» **What the exercise asks**:
When you copy the data that follows, reproduce every word exactly and leave out the images.
======== Raw data
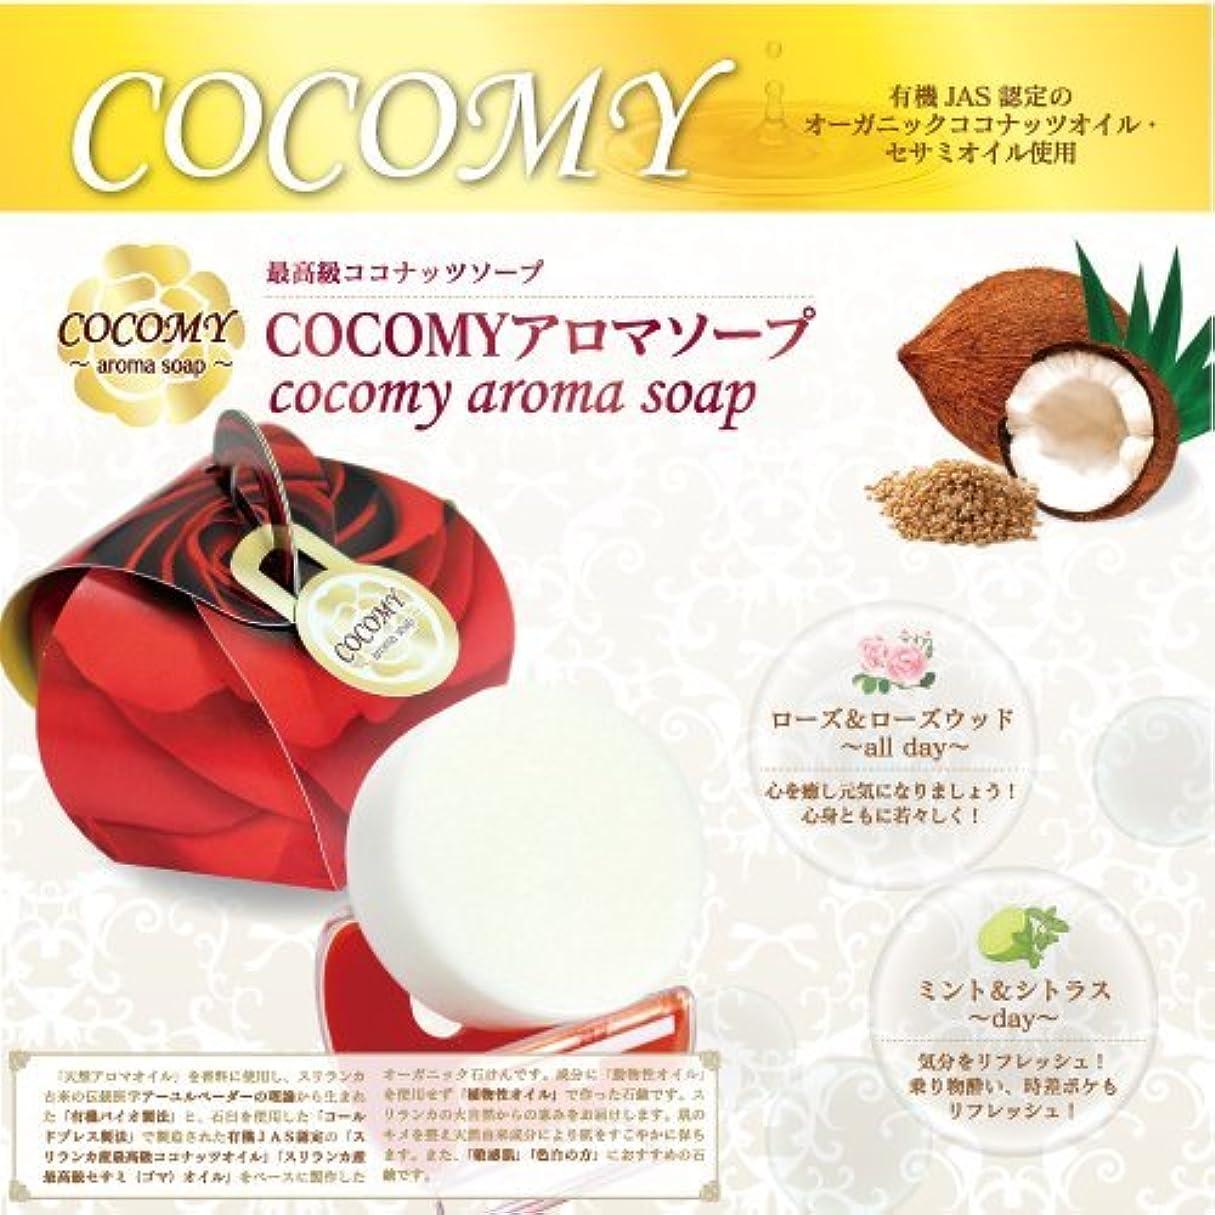 納税者鹿うんCOCOMY aromaソープ 4個セット (ミント&シトラス)(ローズ&ローズウッド) 40g×各2
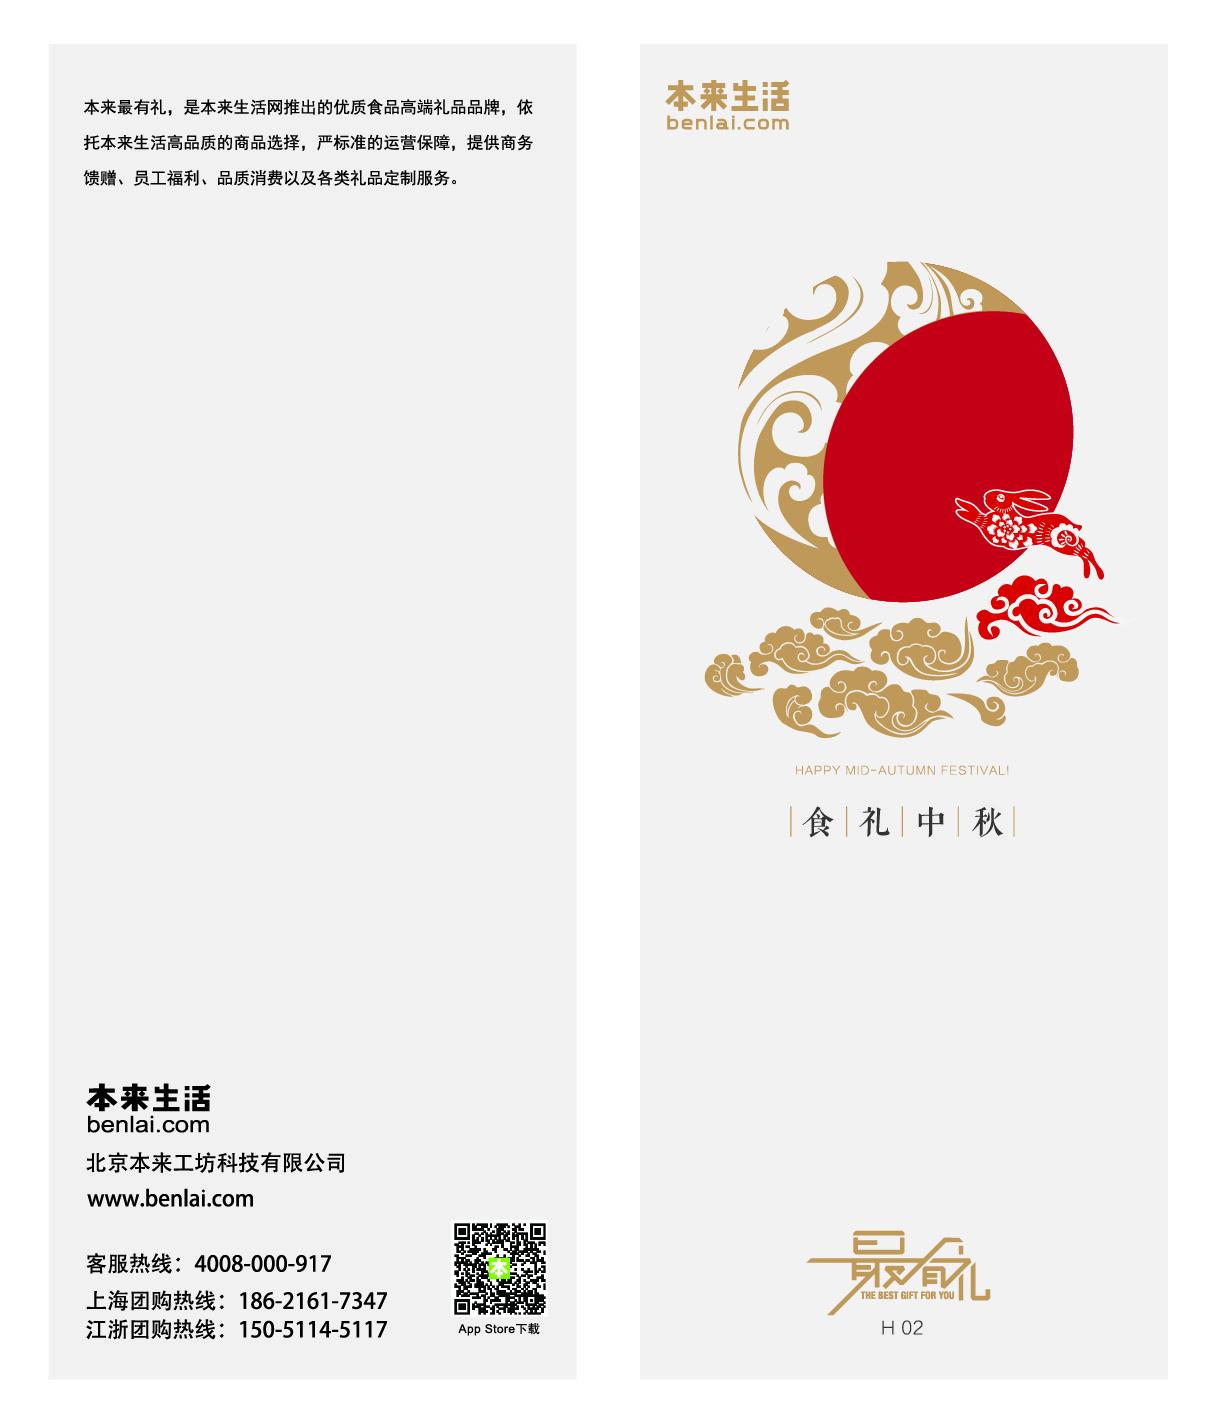 中秋華東-H02
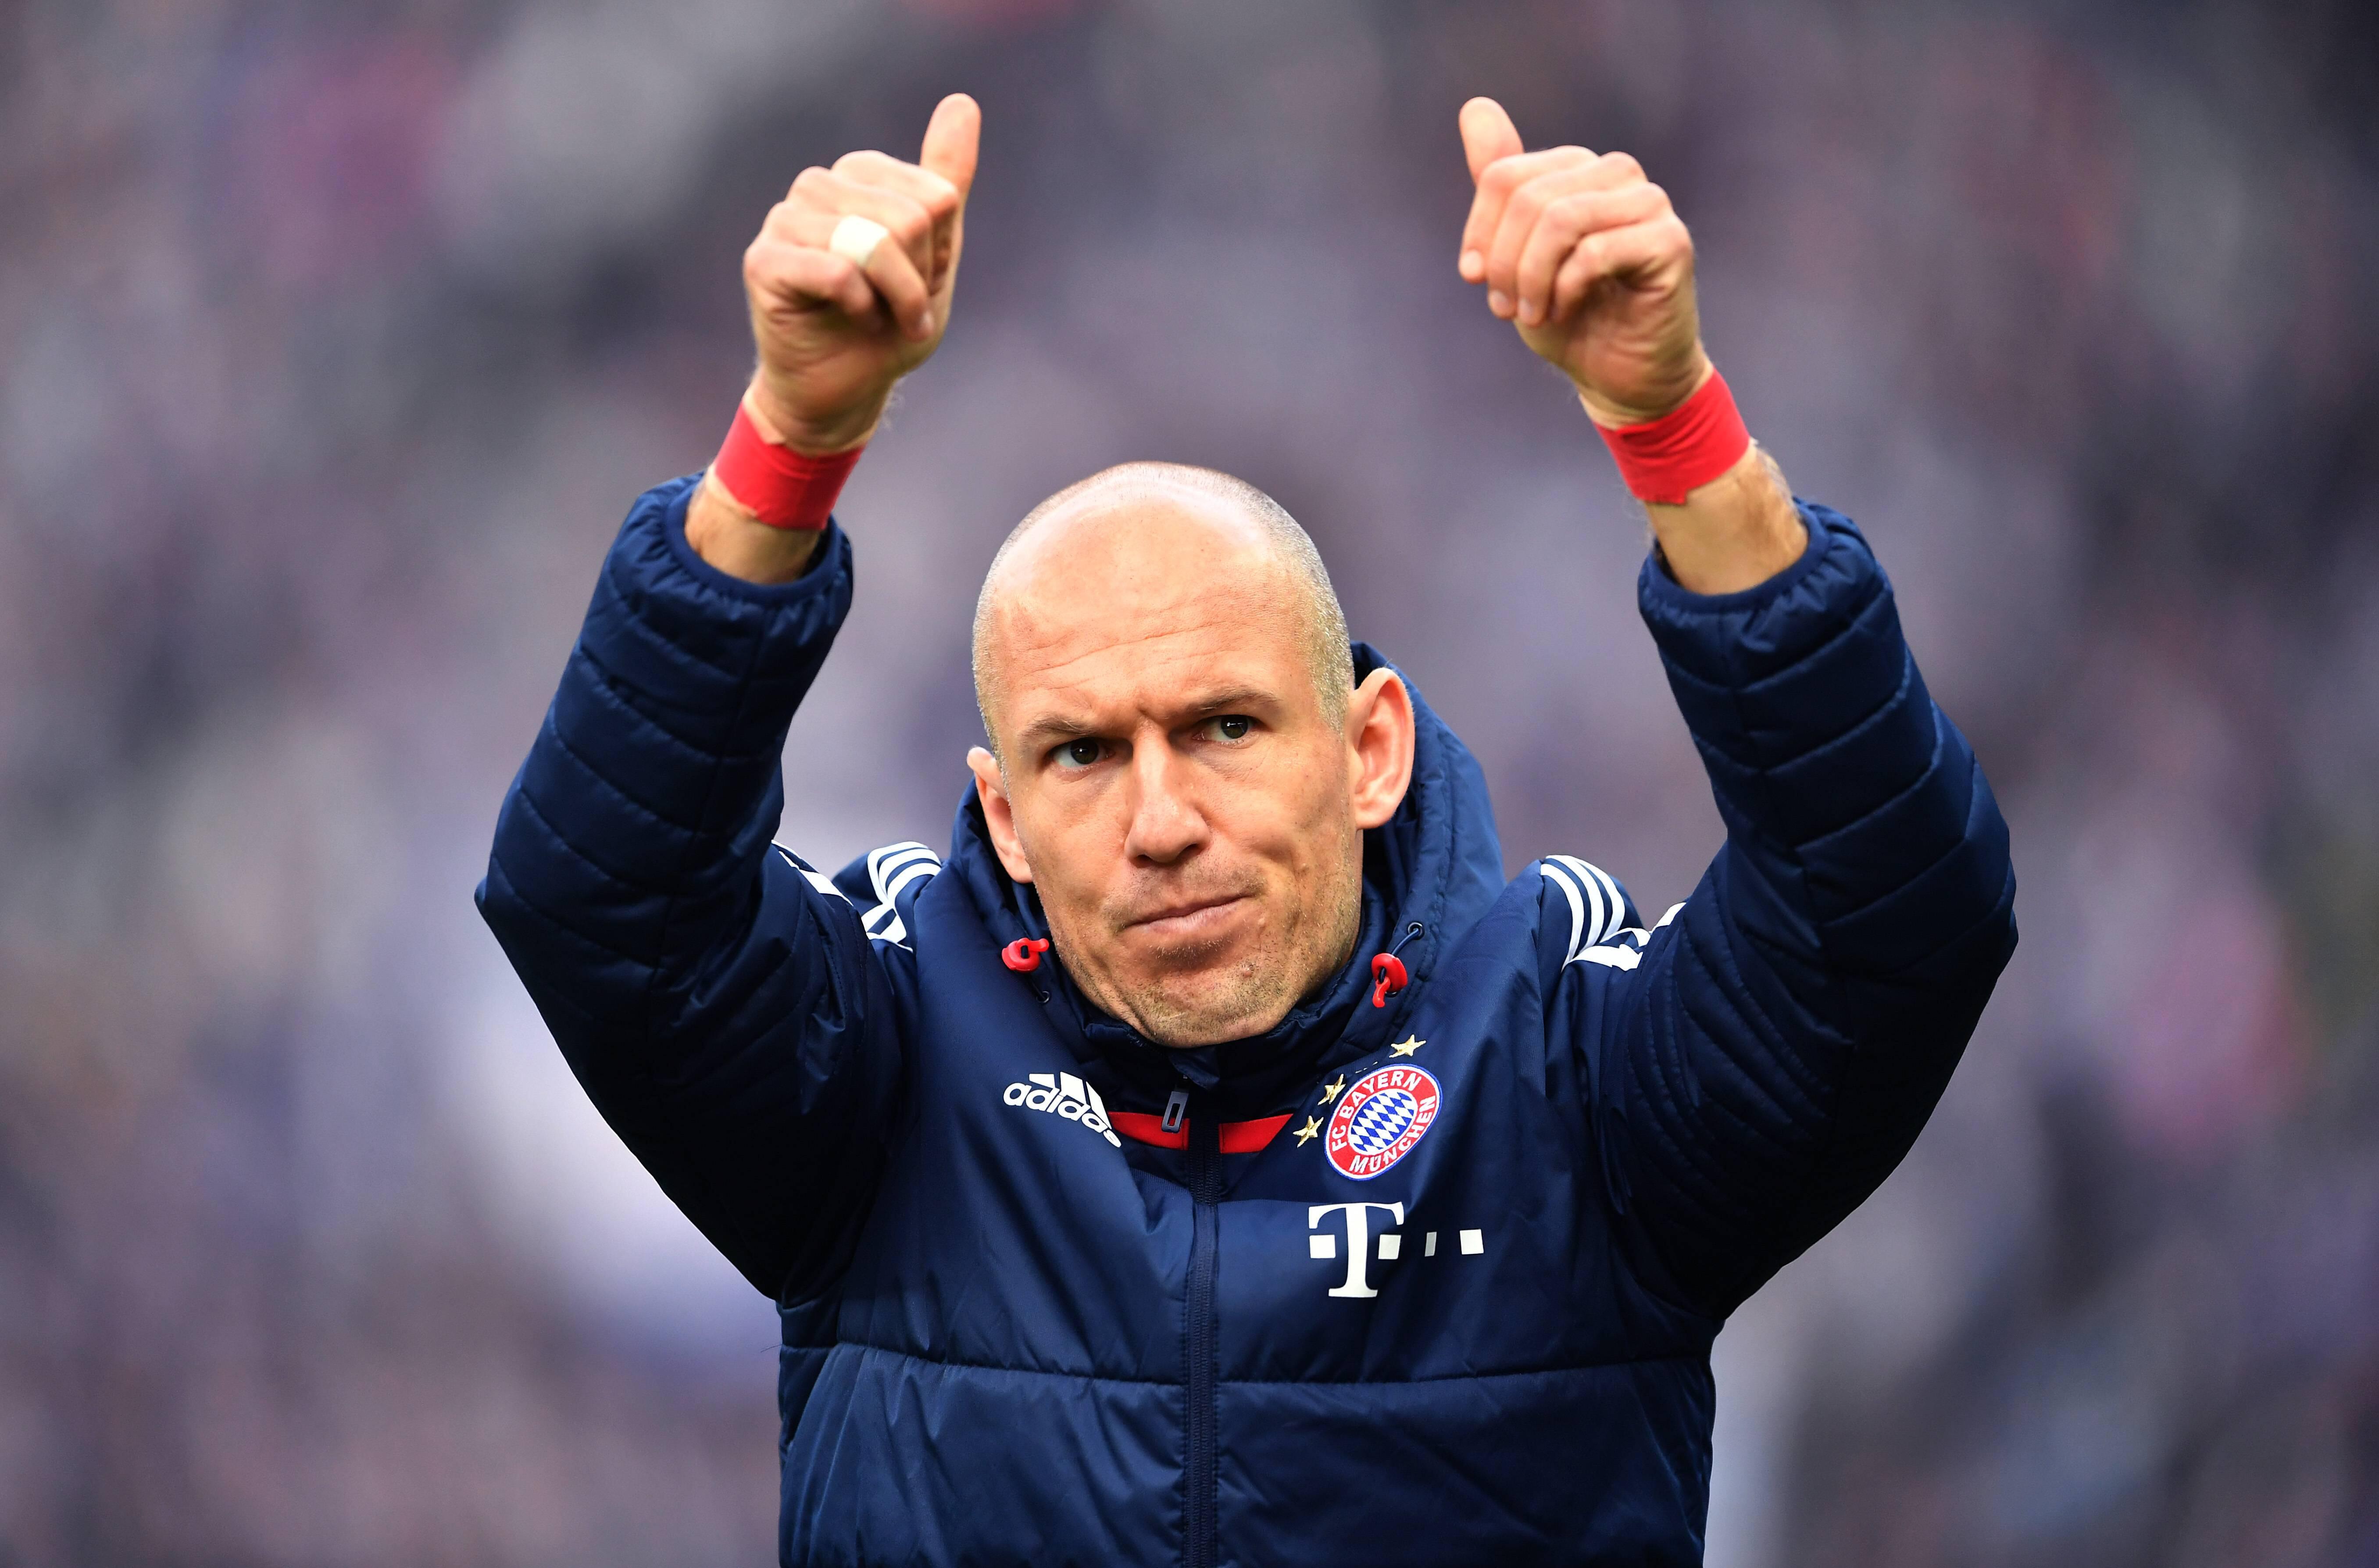 Bild zu Jupp Heynckes, FC Bayern München, Thomas Müller, James Rodriguez
================
» **Output of the exercise**:
 納税者鹿うんCOCOMY aromaソープ 4個セット (ミント&シトラス)(ローズ&ローズウッド) 40g×各2
 中秋華東-H02
 Bild zu Jupp Heynckes, FC Bayern München, Thomas Müller, James Rodriguez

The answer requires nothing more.